Spring is on the way. The fields are already beginning to green-up and horses that have spent the winter indoors will soon be turned out. Abundant grazing is welcomed by most horse owners and their equines, but for some it can spell big trouble. Laminitis has long been associated with the emergence of spring grass. The condition affects all types of horses and ponies, and most commonly afflicts the front feet.
Laminitis is a painful condition affecting the sensitive laminae within the horse’s foot. Inflammation and swelling of the tissues within the hoof interrupts the blood supply and the tissues are deprived of oxygen and nutrients. Cells become damaged and in advanced cases, the laminae actually die.
In severe cases of laminitis, the weight-bearing pedal bone within the hoof sinks and rotates. If the condition is left unchecked, the pedal bone may actually pierce the sole at which point humane destruction is usually the kindest option.
Overweight horses are especially prone to developing laminitis. Excesses of sugar-rich spring grass or too much soluble carbohydrate in a horse’s diet can overload the digestive system. Carb-rich starchy material is passed directly through to the hindgut to be broken down by bacteria. Acidic conditions result which kill off the bacteria that process fibre. These dead bacteria break down, releasing toxins into the horse’s gut as they do so. Once the toxins enter the bloodstream, they kick off a response within the horse’s physiology that impacts on the blood flow. If this disruption affects the horse’s feet, laminitis can develop.
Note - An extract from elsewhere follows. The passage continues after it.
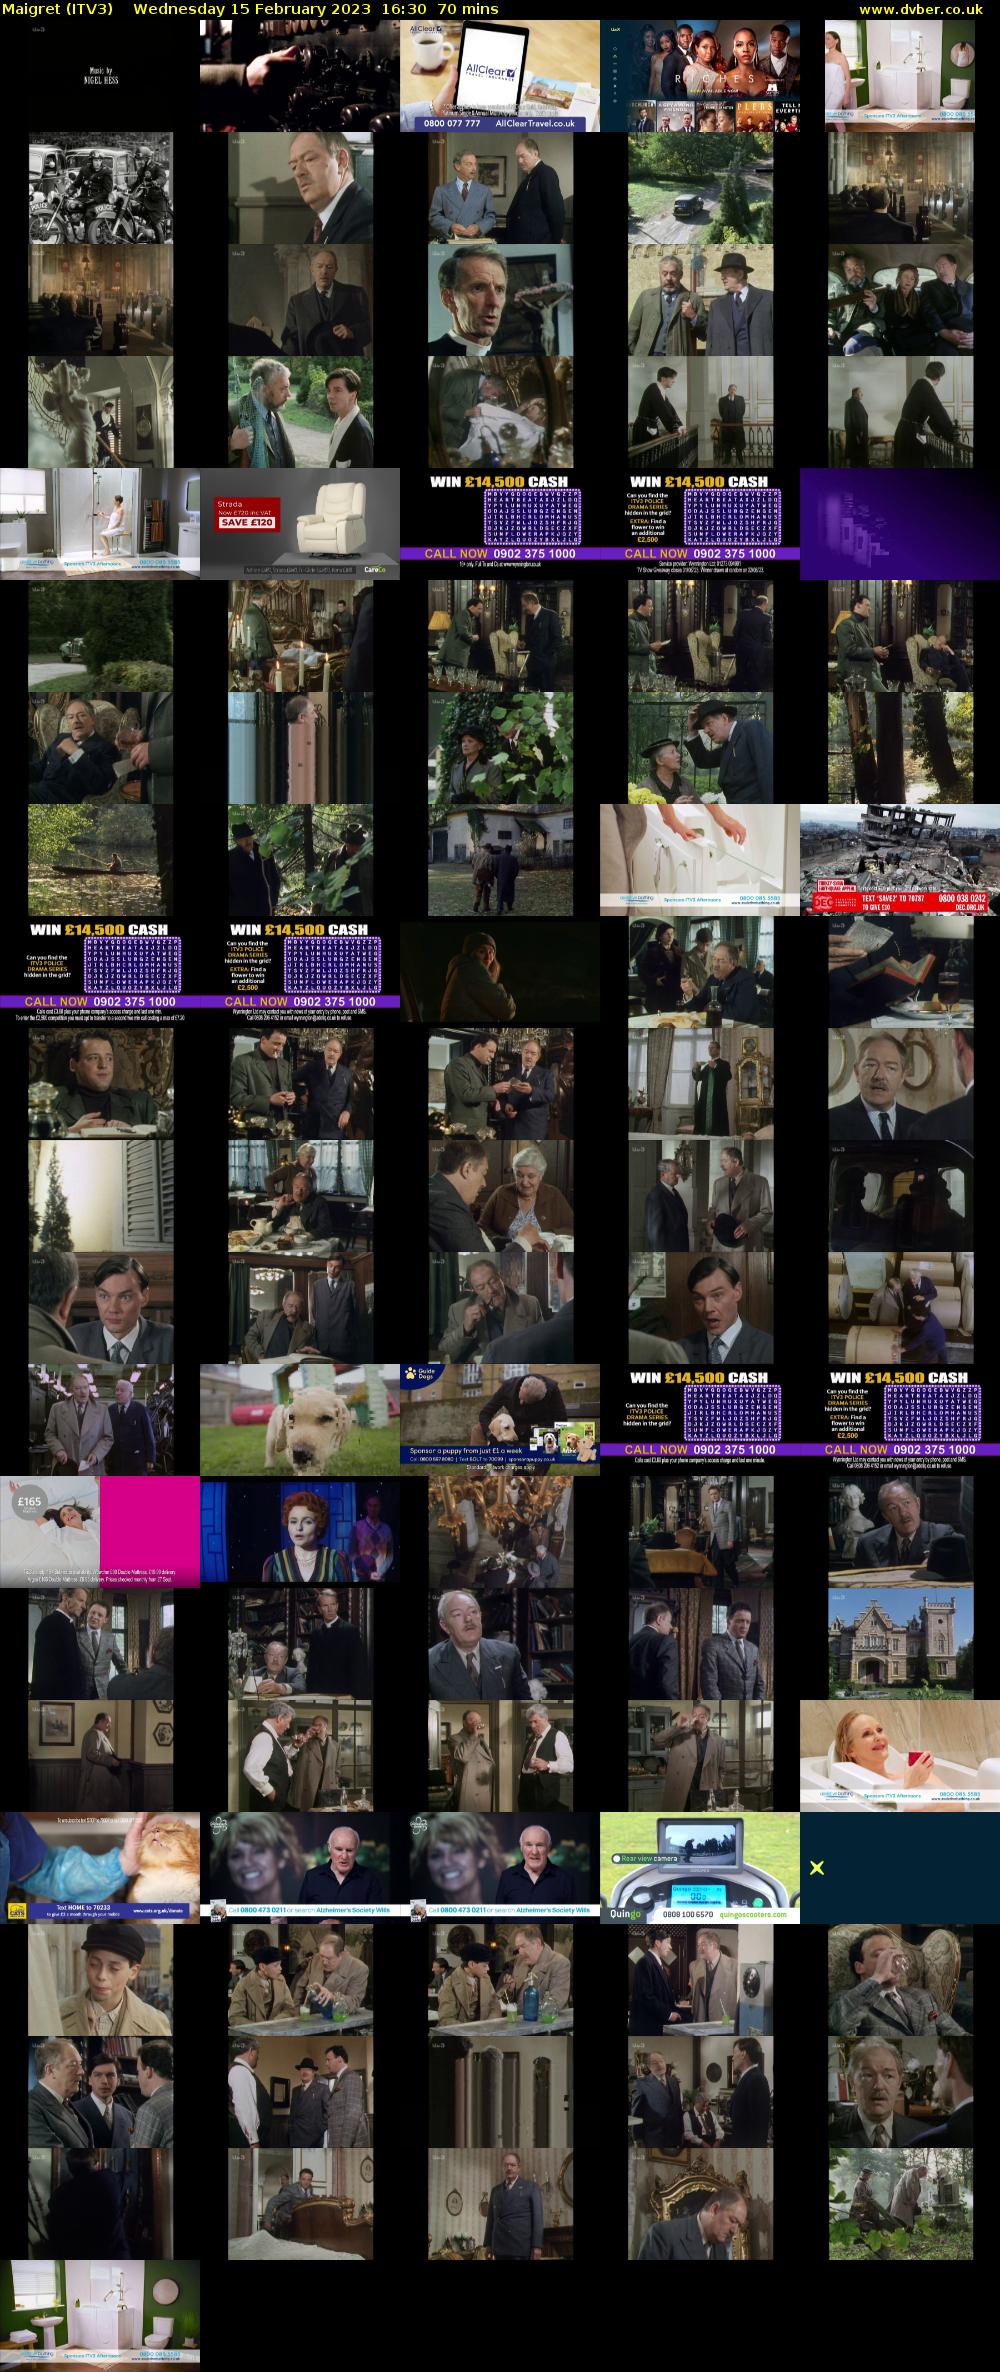 Maigret (ITV3) Wednesday 15 February 2023 16:30 - 17:40

Other factors that can trigger attacks of laminitis include stress, foaling, and changes to the horse’s routine or environment. Sometimes a bacterial infection can trigger a stress response that results in a bout of laminitis. Fast work on hard ground resulting in concussion can also cause laminitis. Cushing’s disease in elderly ponies also has laminitis as a side-effect.
- Marked lameness and reluctance to move
- A strong digital pulse in the foot
- Leaning backwards to relieve painful pressure on the front feet
- Walking on the heels first to try to relieve pressure on the front
- Mild colic
Horses that suffer with chronic laminitis will often have growth rings around the hoof wall. The white line will appear wider than normal and the horse may have an unusually cresty topline.
If you suspect that your horse has laminitis, call your vet immediately. Remove the horse from any grazing and place him in a small stable or pen on a deep shavings bed. Keep the horse as stress-free as you can and don’t offer him any feed until your vet has recommended a suitable diet.
Do not cold hose the feet as this could make things worse.
Your vet will probably want to have the horse’s feet x-rayed in order to establish the extent and severity of the laminitis. Remedial farriery may be recommended to help manage the condition.
Never over-feed your horse and always adjust their ration according to the work they are doing and the quality of grazing they have access to. If your horse is a good-doer and prone to gaining weight, keep them on a high fibre, low carb diet. Avoid feeding molassed feeds or treats.
It can be helpful to restrict your horse’s grazing. Night grass contains less soluble carbohydrate than it does during sunlight hours so this could be a solution if your horse is prone to weight gain or bouts of laminitis. Certain types of grass like clover and ryegrass have high sugar content. If possible, stick to growing herbs and coarser grasses on paddocks where susceptible horses will graze.
Laminitis is a dangerous and extremely painful condition. Be aware of the causes and symptoms, and if you are at all concerned that your horse is showing early signs of the condition, always call your vet immediately.